From the same stall, Jos bought this highly decorative share of Minerva, the famous Belgian manufacturer of luxury automobiles, which they produced from 1902 until 1938.

Minerva started out manufacturing standard bicycles in 1897, expanding into "motocyclettes", a kind of motorized bicycles which were a forerunner of motorcycles, in 1900, before adding cars to their production in 1902.

Minerva vehicles acquired a reputation for quality and reliability and, by 1914, enjoyed the patronage of the Kings of Belgium, Norway and Sweden.

A search on the Internet yielded a couple of international advertisements for Minerva cars dating from the late 1920s and early 1930s.

After World War II the company produced a version of the Land Rover 80" under licence for the Belgian army until 1954. After the deal with Land Rover fell through, there were plans to re-enter the car market but these did not get beyond the prototype stage.

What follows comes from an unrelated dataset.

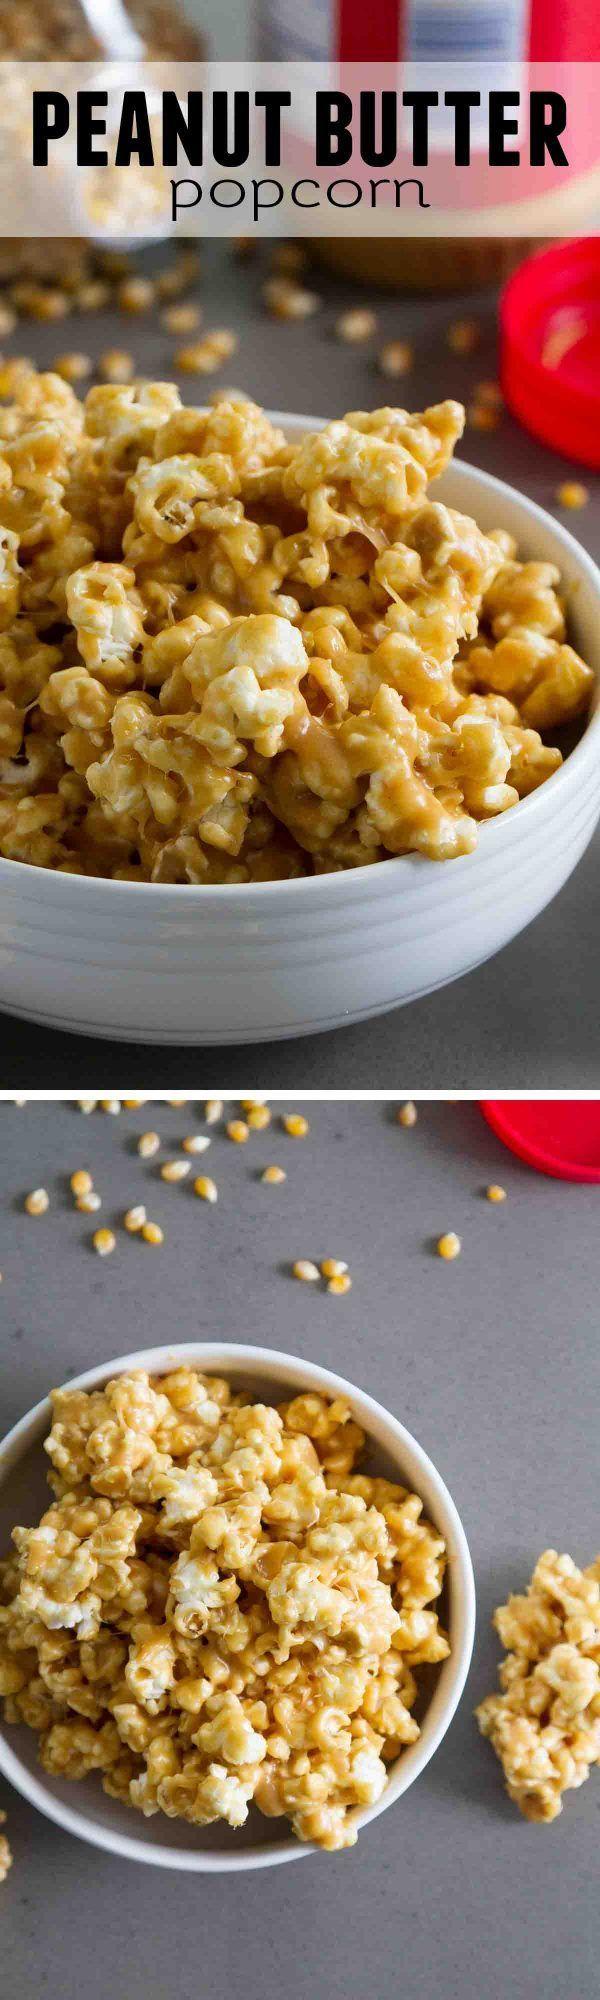 Peanut Butter Popcorn - Taste and Tell

Sadly, the company, who had their headquarters and factory in Antwerp, became defunct in 1956.

After this little diversion, it's back to the castle!

Upstairs was another one of our favourite stalls, selling vintage textiles, haberdashery, hats and miscellaneous curiosities (top right).

I couldn't resist this delightful little felt and faux fur hat. The retaining elastic needs replacing (it snapped at the merest touch), but otherwise it's in perfect condition.

By the time we finished browsing, and left the castle, the sun had disappeared and a dense blanket of grey, rain-filled clouds, had replaced the clear blue sky of earlier that morning.

As it was still dry, we decided to risk it, so we picked up our picnic basket from the car and made our way to a picnic table with a view of the castle across the lake.

As far as I know, this is the only picnic table in the castle grounds but still we always manage to have the place to ourselves.

This could very well have been our last outdoor picnic of the year!

We'd only just arrived back at our car and were about to drive off when the first drops of rain started to fall.